Gut microbiota may modulate liver metabolism

Researchers have found that the gut microbiota could contribute to liver function through the transfer of bacterial sphingolipids to the host’s liver.
Table of Contents

What is already known
Metabolites produced by the gut microbiota can contribute to host health and disease. For example, bioactive sphingolipids (SLs), a class of lipids involved in energy metabolism, are produced by Bacteroides and Prevotella bacteria. SLs have been implicated in immune system modulation and decreased intestinal inflammation. But although it is known that bacterial sphingolipids can alter SL levels in the liver, the effects of bacterial sphingolipids on liver health remain elusive.

What this research adds
Researchers characterized and traced bacterial sphingolipids produced by the gut microbe Bacteroides thetaiotaomicron in mice. The researchers identified a previously unknown bacterial sphingolipid that transits to the colons and livers of mice. In a mouse model of hepatic steatosis — a condition characterized by increased build-up of fat in the liver, sphingolipid production rescued the excessive storage of lipids. Adding this sphingolipid to liver cells reduced the production of fat, the team found.

Conclusions
The findings suggest that the gut microbiota could contribute to liver function through the transfer of bacterial sphingolipids to the host’s liver.

Metabolites produced by the gut microbiota can contribute to host health and disease, but their effects in specific tissues remain elusive. Now, researchers have found that a specific class of lipids can modulate liver metabolism in mice.

The findings, published in Cell Host & Microbe, suggest that the gut microbiota could contribute to liver function through the transfer of bacterial lipids to the host’s liver.

Bioactive sphingolipids (SLs) are produced by Bacteroides and Prevotella bacteria and have been implicated in immune system modulation and decreased intestinal inflammation. But although it is known that bacterial sphingolipids can alter SL levels in the liver, the effects of bacterial sphingolipids on liver health are unclear.

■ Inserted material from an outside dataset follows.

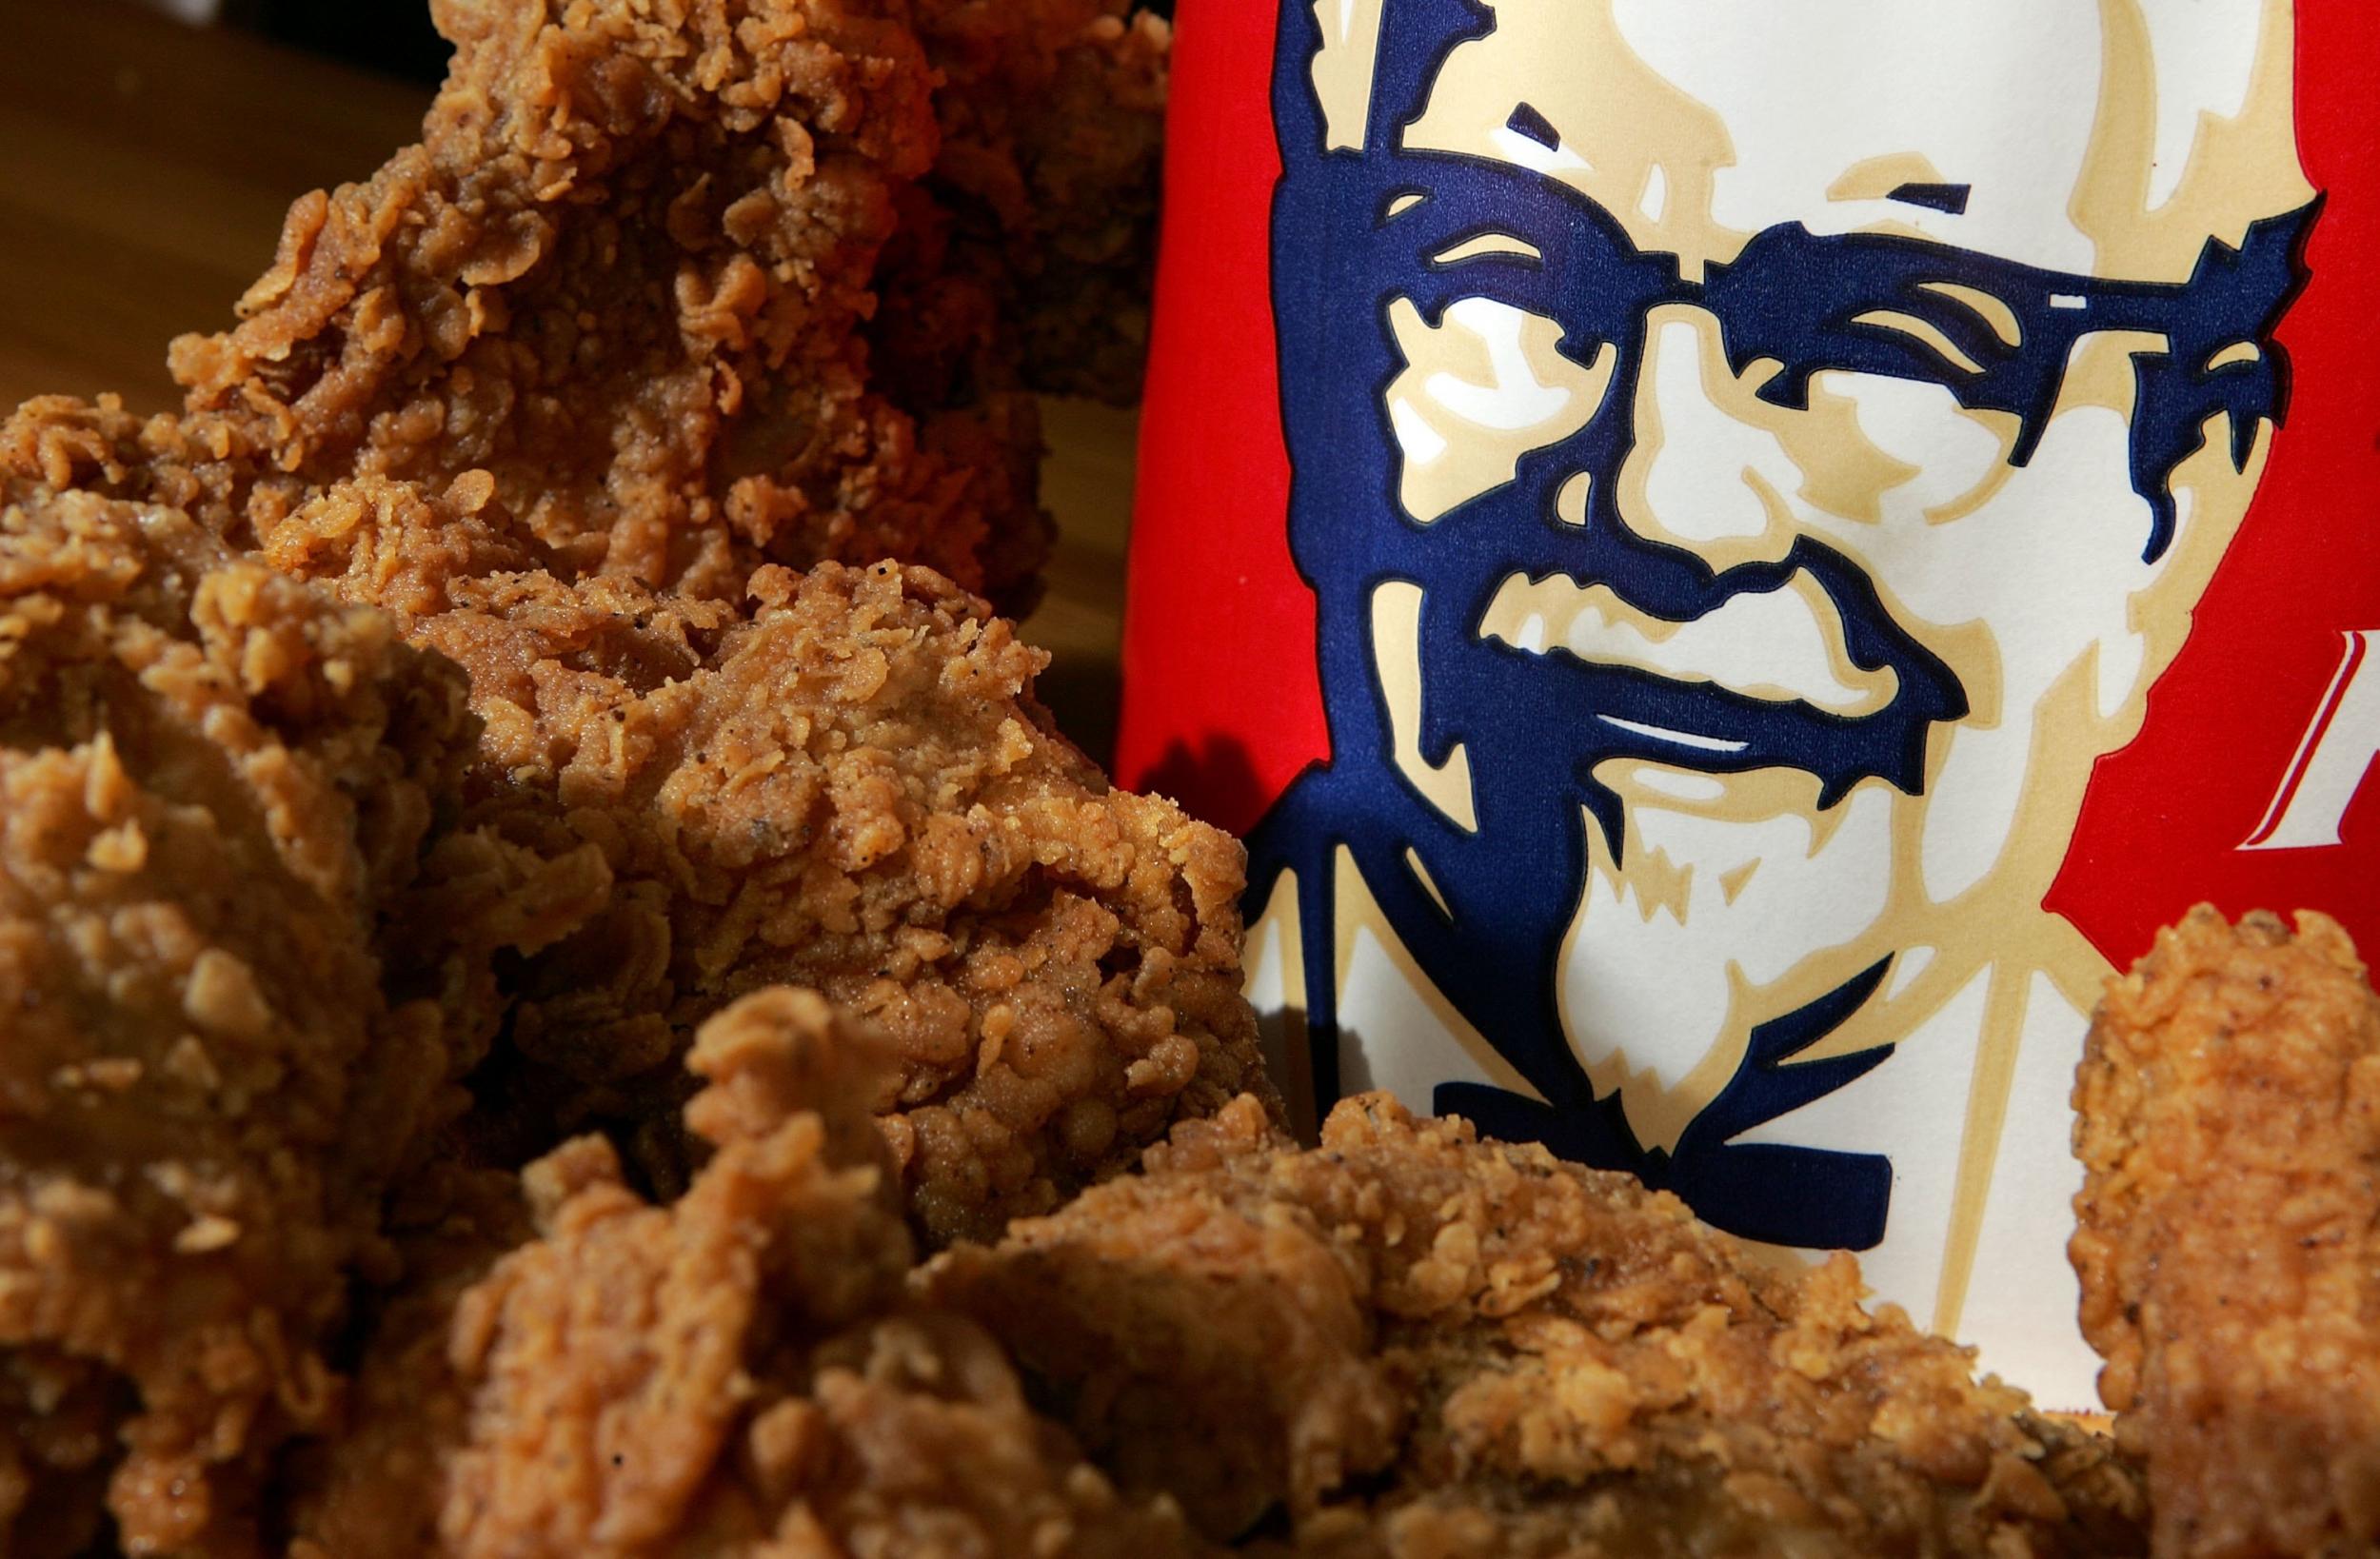 KFC forced to close restaurants after running out of chicken

To address this question, Elizabeth Johnson at Cornell University and her colleagues developed a method to characterize and trace bacterial sphingolipids produced by the gut microbe Bacteroides thetaiotaomicron in mice.

Bacteria-derived lipids

The researchers identified a previously unknown bacterial sphingolipid that transits to the colons and livers of mice. The transfer was not observed using a strain of B. thetaiotaomicron that is unable to produce sphingolipids, the researchers found.

“Despite extensive efforts to characterize other B. thetaiotaomicron-derived lipids that transit to the liver, thus far, our methods have detected only this specific candidate SL,” the researchers say. However, they note, other derivatives of bacterial SLs likely transit to host tissues.

Further analyses showed that the metabolism of fatty acids — the building blocks of fat in the body — was altered in mice with a sphingolipid-producing microbiota. Adding the B. thetaiotaomicron-derived sphingolipid to liver cells reduced the production of fat by improving respiration in cells incubated with excess sugar.

Fat build-up

Next, the team set out to monitor lipid-dependent metabolic effects in the liver. To do so, they fed mice a fat-free diet for two weeks. This diet results in excess storage of fat in the liver and the onset of hepatic steatosis — a condition characterized by increased build-up of fat in the liver.

Sphingolipid production rescued the excessive storage of lipids in mice with hepatic steatosis. Rodents with a sphingolipid-producing microbiota also showed higher expression of genes involved in lipid metabolism.

“Our metabolomic and gene expression data from hepatocytes and mouse livers suggest that the transfer of lipids from sphingolipid-producing bacteria may, directly and indirectly, decrease hepatic lipid accumulation induced by a fat-free diet,” the researchers say.

The findings may help to develop dietary approaches or drugs to target bacterial sphingolipid metabolism for therapeutic use, they add.